We showed that combining troponin and copeptin significantly improved the ROC performance within 3 hours after chest pain onset, with a negative predictive value of 100% in the overall population. In patients with longer duration of symptoms (>6 hours), copeptin already decreases, according to the literature, and could be falsely negative. In this situation, troponin was always positive and allowed the determination of symptoms to be of a cardiac origin.
We could not show any added diagnostic value of copeptin compared with troponin alone; in the Co+/T– group, only two patients (0.06%) were diagnosed with NSTEMI (T+ at 6 hours).

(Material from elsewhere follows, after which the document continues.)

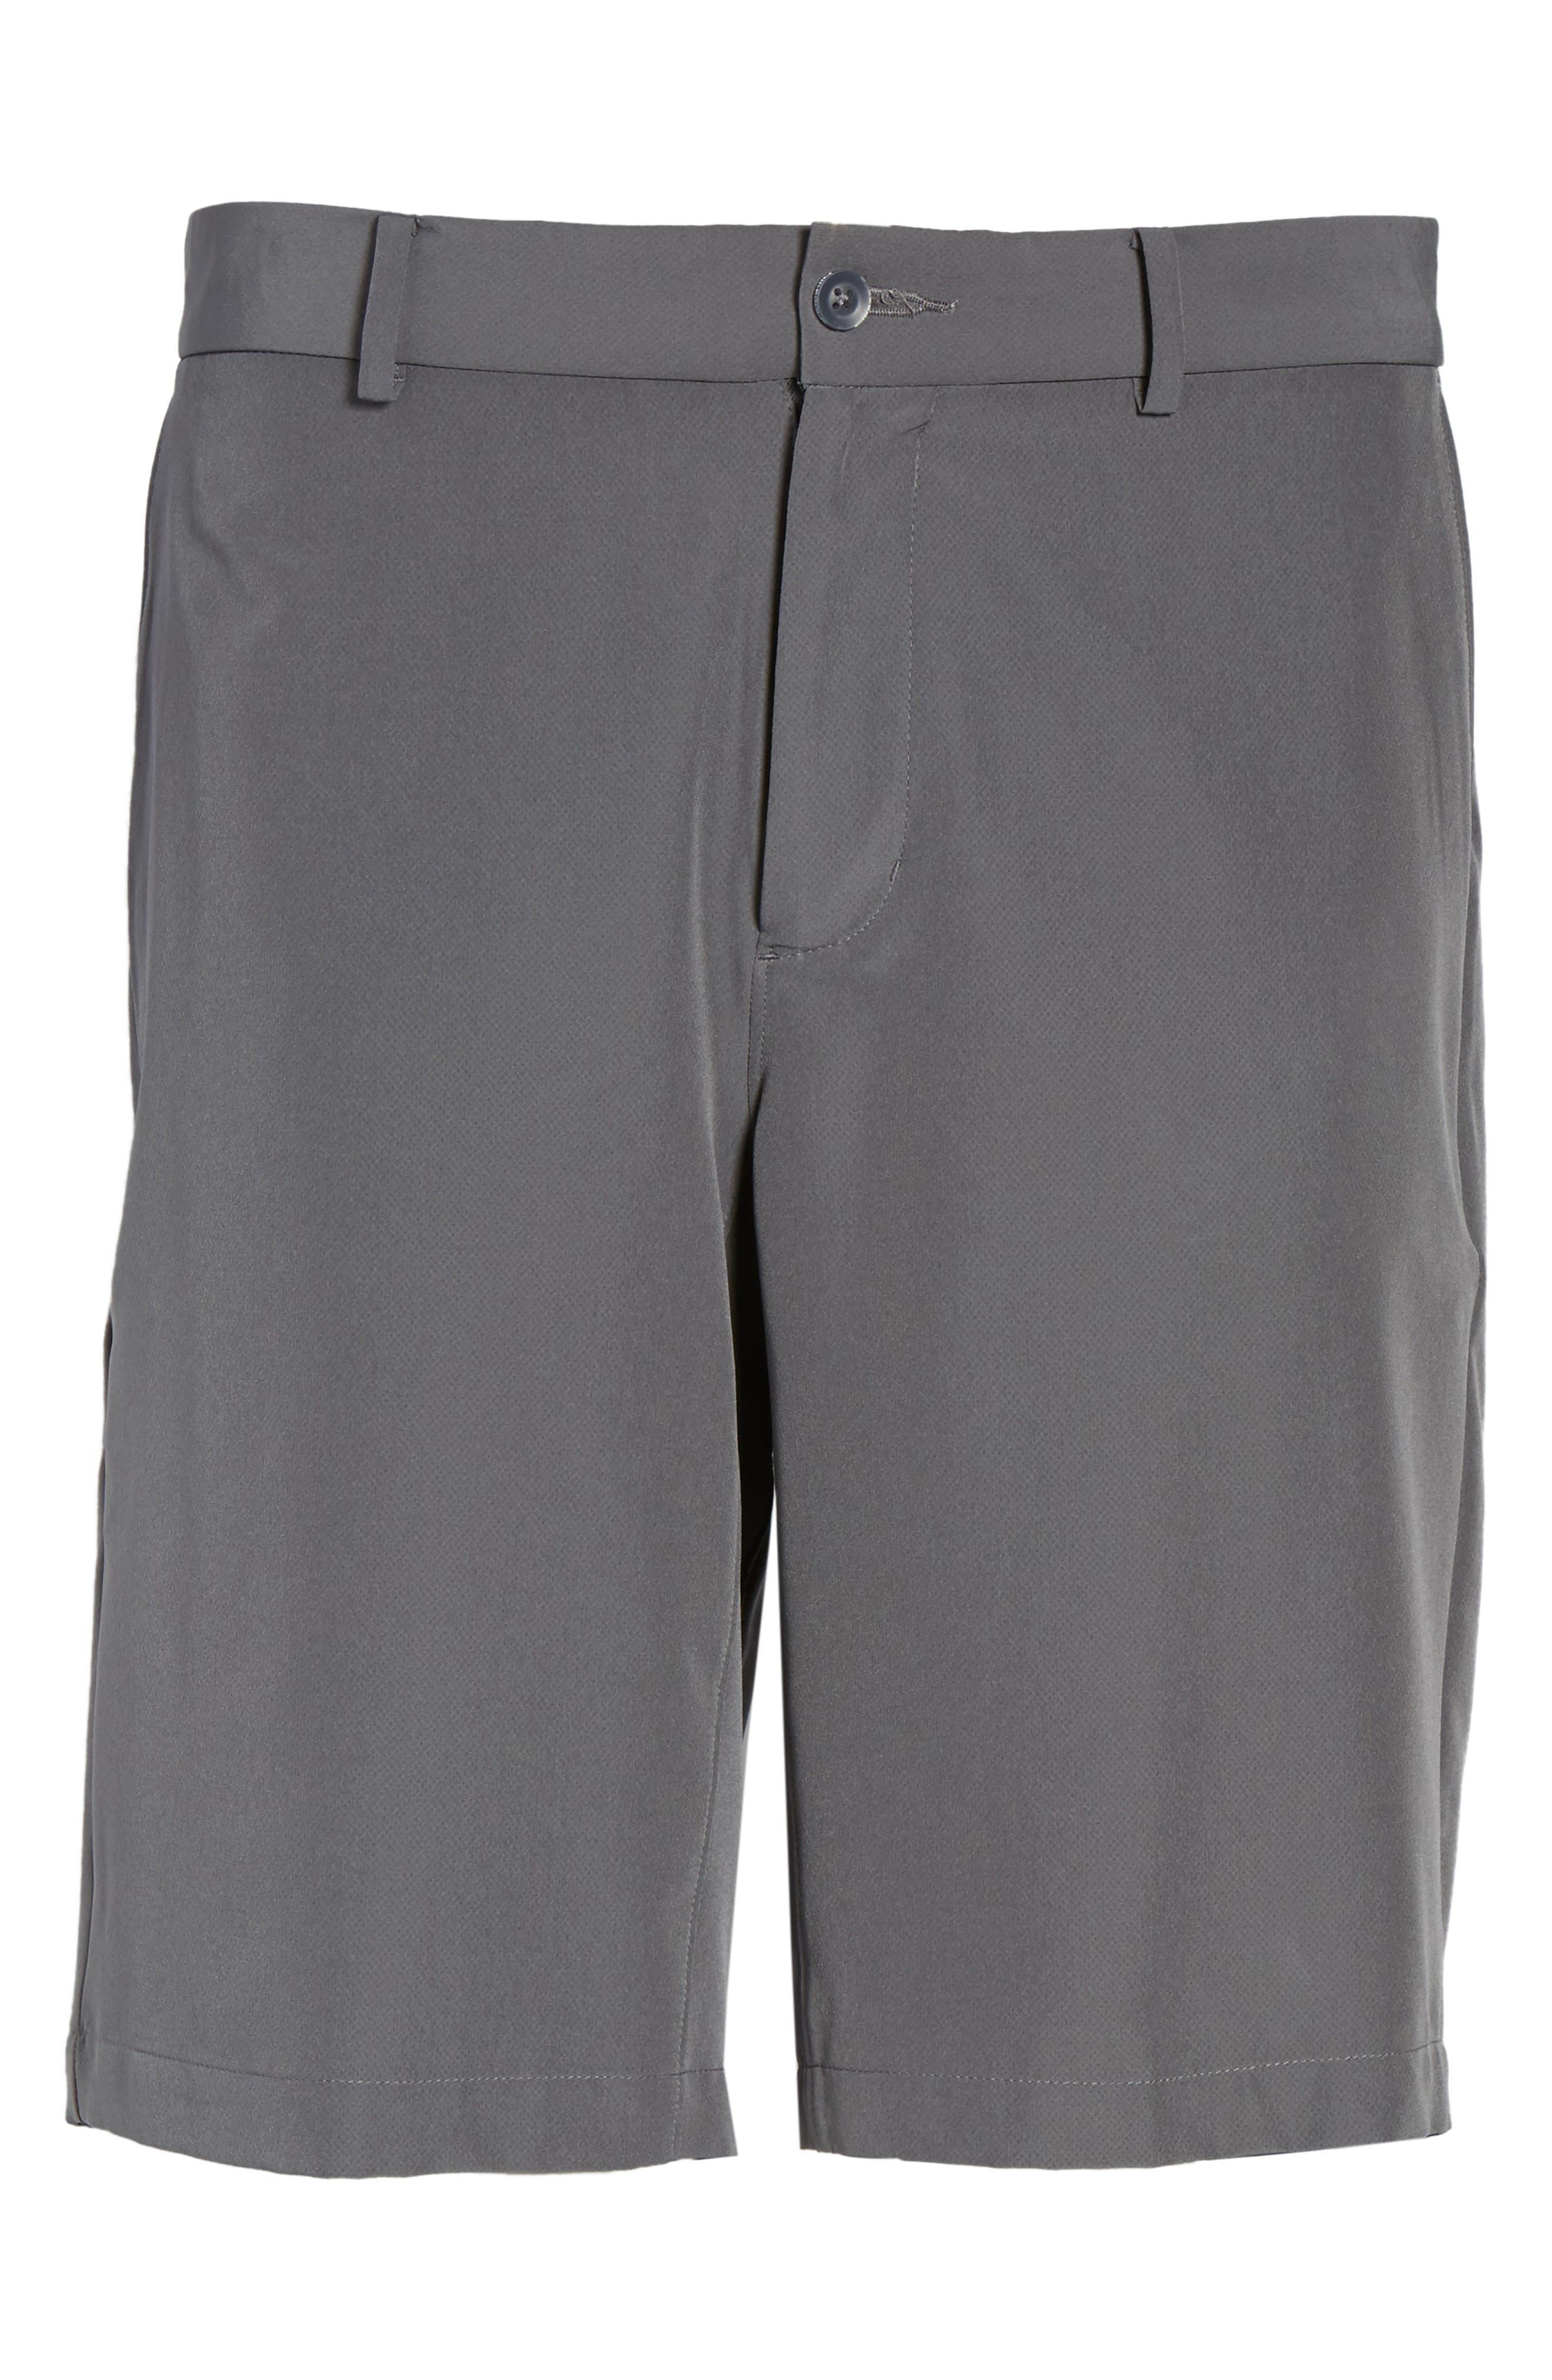 Hybrid Flex Golf Shorts,                             Alternate thumbnail 5, color,                             Dark Grey/ Black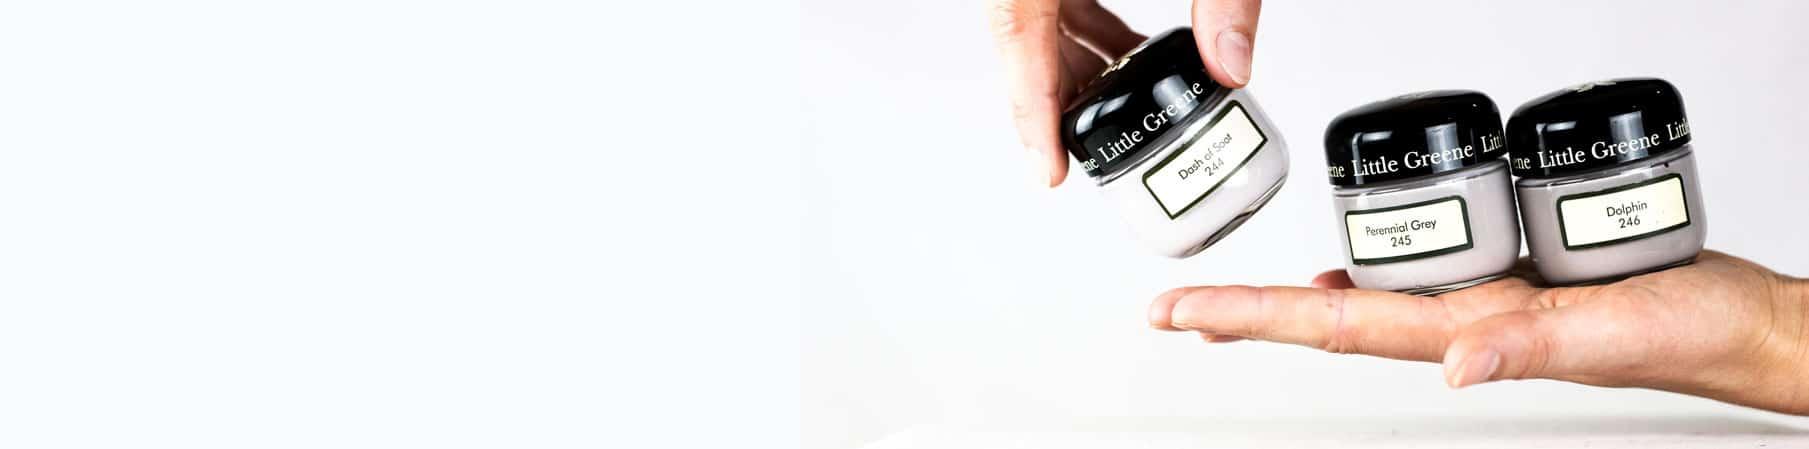 Kategorie warmes grau, Cold Grey, Edle Wandfarbe, Farbe testen, Graue Wandfarbe, Kalte Wandfarbe, Kühles Grau, Little Greene, Probedöschen, Sample Pot, Wandfarbe Eingangsbereich, Wandfarbe Flur, Wandfarbe hellgrau, Wandfarbe Schlafzimmer, Wandfarbe Wohnzimmer

Cardiac nonischaemic disease like pericarditis, arrhythmias, hypertensive crisis or cardiac decompensation also might lead to elevated troponin levels. Serial troponin also rises in these situations and does not allow ischaemic heart disease to be definitively eliminated as the cause of symptoms. This lowers the positive predictive value of both troponin and copeptin in evaluation of patients with chest pain. Acute or chronic disease like aortic dissection, pulmonary embolism, biliary lithiasis, pancreatitis, mesenteric infarction, chronic bronchopulmonary obstructive disease, etc. also cause rises troponin and copeptin. In these situations, biomarkers of different origins than troponin like copeptin, creatine kinase, amylases, hepatic tests and d-dimers are mandatory in a real world population of patients with new-onset chest pain.
The use of copeptin to exclude AMI in patients with chest pain has been studied previously [3]. Results of several trials evaluating the role of copeptin in the emergency room are discordant, some reported use of copeptin was helpful in patients with suspected AMI [3,6,7,8,9,10,11,12,13,14,15,16,17], others did not show any benefit [18,19,20,21,22,23].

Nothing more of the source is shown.